Heroes of the Frontier, by Dave Eggers, is deeply philosophical, deeply felt, and deeply funny. The novel centers on a woman who escapes to Alaska with her two children and makes her way across the state in a beat-up rented recreational vehicle they call the Chateau. If you’ve ever gone camping, you’ll adore all the details of life in this wreck on wheels.

Eggers is one of those graceful fluid writers whose prose is so effortless it masks its skill. His characters – the fantastically flawed and appealing Josie and her two children – are wonderfully drawn. In fact, I don’t know that I’ve ever been as enthralled by any children in adult fiction as I was with Paul and Ana. The delights of the family’s travels throughout Alaska, their near misses/calamities, kept me up reading. Many parts – mostly because of his turns of phrase – are laugh-out-loud funny.
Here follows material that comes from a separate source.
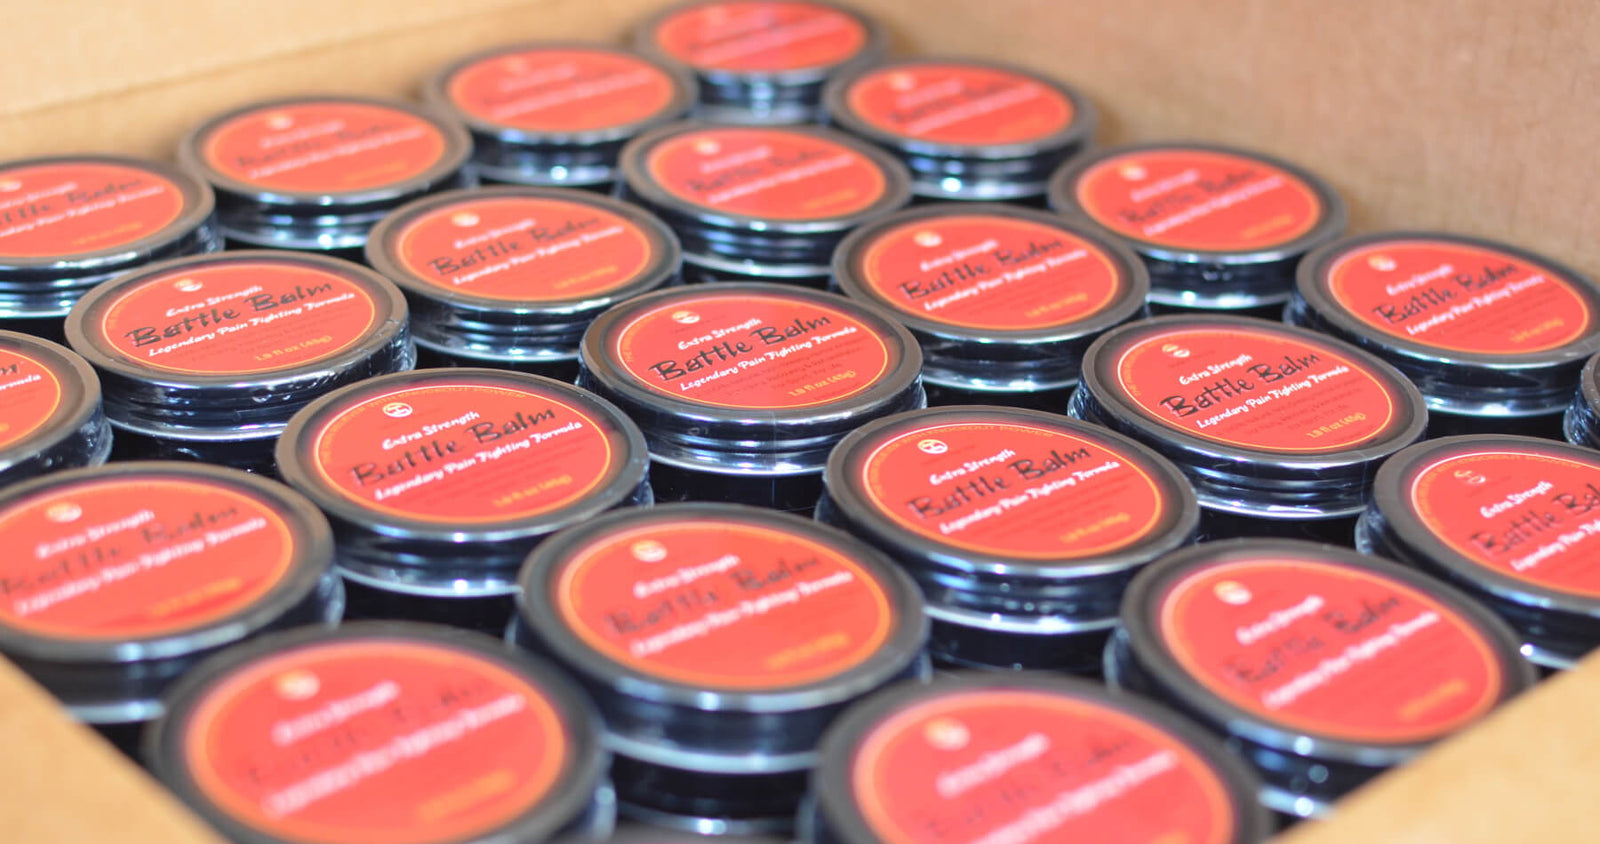 Buy Battle Balm wholesale and sell online or in your clinical practice! Open a wholesale account today!

What Eggers is ruminating on in this novel, though, goes beyond the story of a woman on the run from a bad relationship and on the road with her family. It’s a kind of spiritual coming-of-age tale, a meditation on the grandeur of Alaska, and an investigation of environmental catastrophe. Forest fires are sweeping up from the south, roaring through the country’s late-summer forests, threatening this last frontier of pristine territory. Many readers will be aware of the current threat of opening the Arctic Refuge to oil drilling that the Trump administration is currently pushing. But the novel was written earlier and doesn’t reference it. Eggers, in giving Josie a way to reawaken to herself and give her children precious freedom and responsibility, is saying something about how crucial true wilderness is for humankind and what’s at stake if we lose touch with our wild spaces.